PROBLEM STATEMENT: Every line in the data below from the one containing "Brain cells with" down to the one containing "MEYER B-Palma Shorts", both included, must be retyped exactly; no other line is to appear.

DATA IN THIS EXERCISE:

*-*-*

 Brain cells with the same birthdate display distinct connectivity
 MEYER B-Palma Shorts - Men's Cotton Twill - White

*-*-*

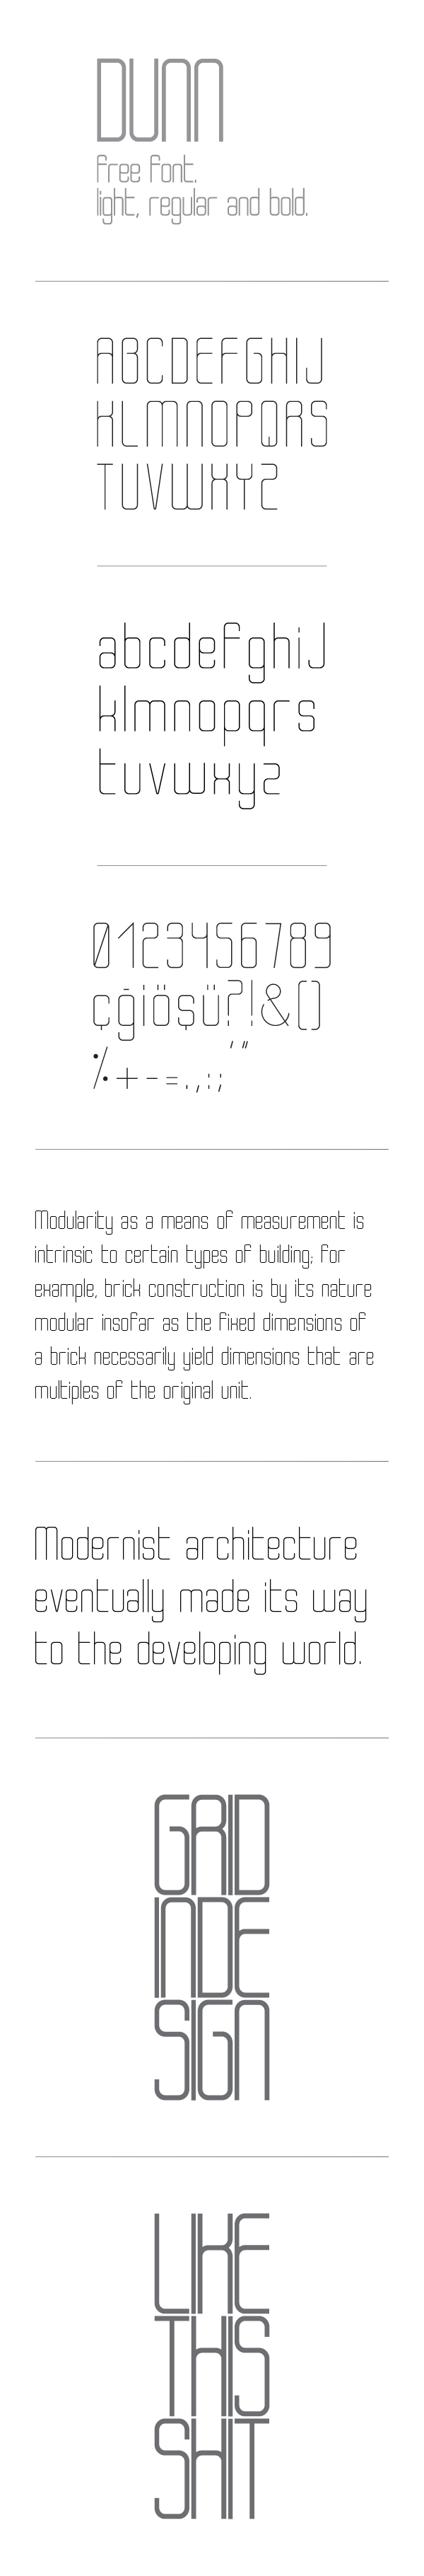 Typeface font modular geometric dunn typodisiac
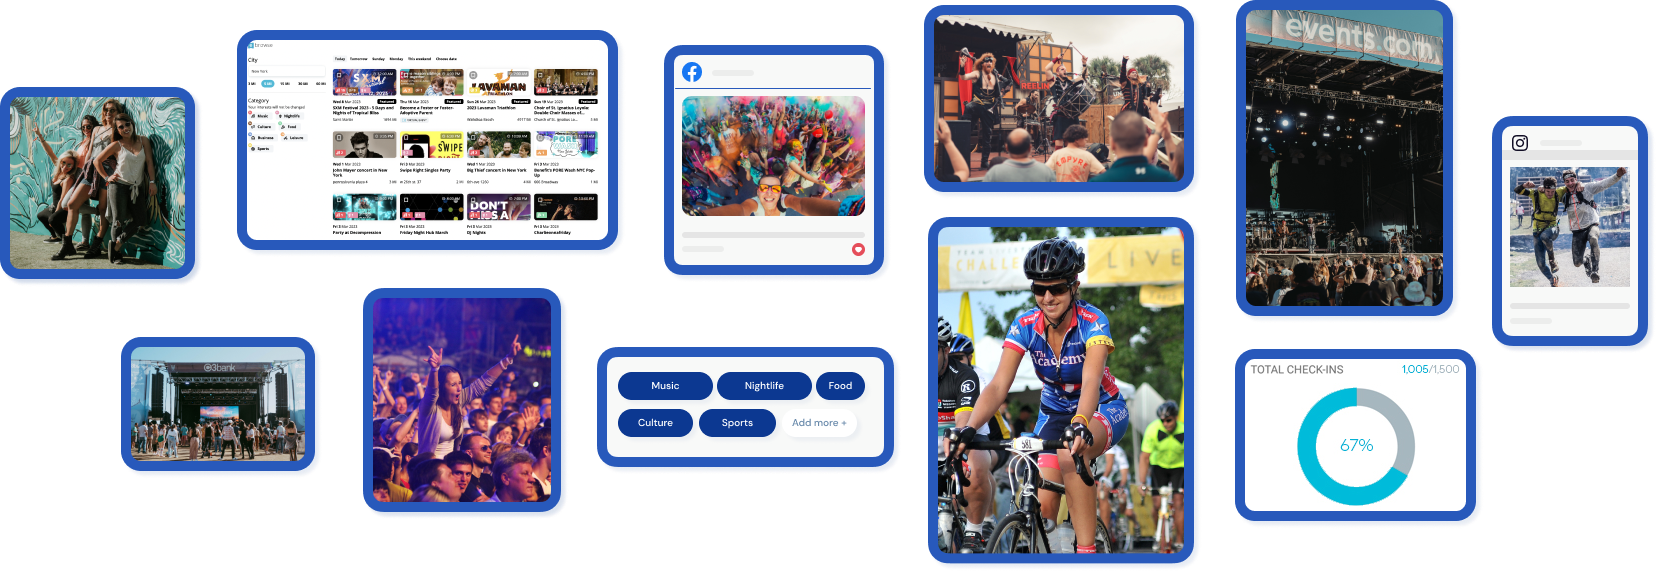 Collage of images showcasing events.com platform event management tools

*-*-*

SOLUTION:
 Brain cells with the same birthdate display distinct connectivity
 MEYER B-Palma Shorts - Men's Cotton Twill - White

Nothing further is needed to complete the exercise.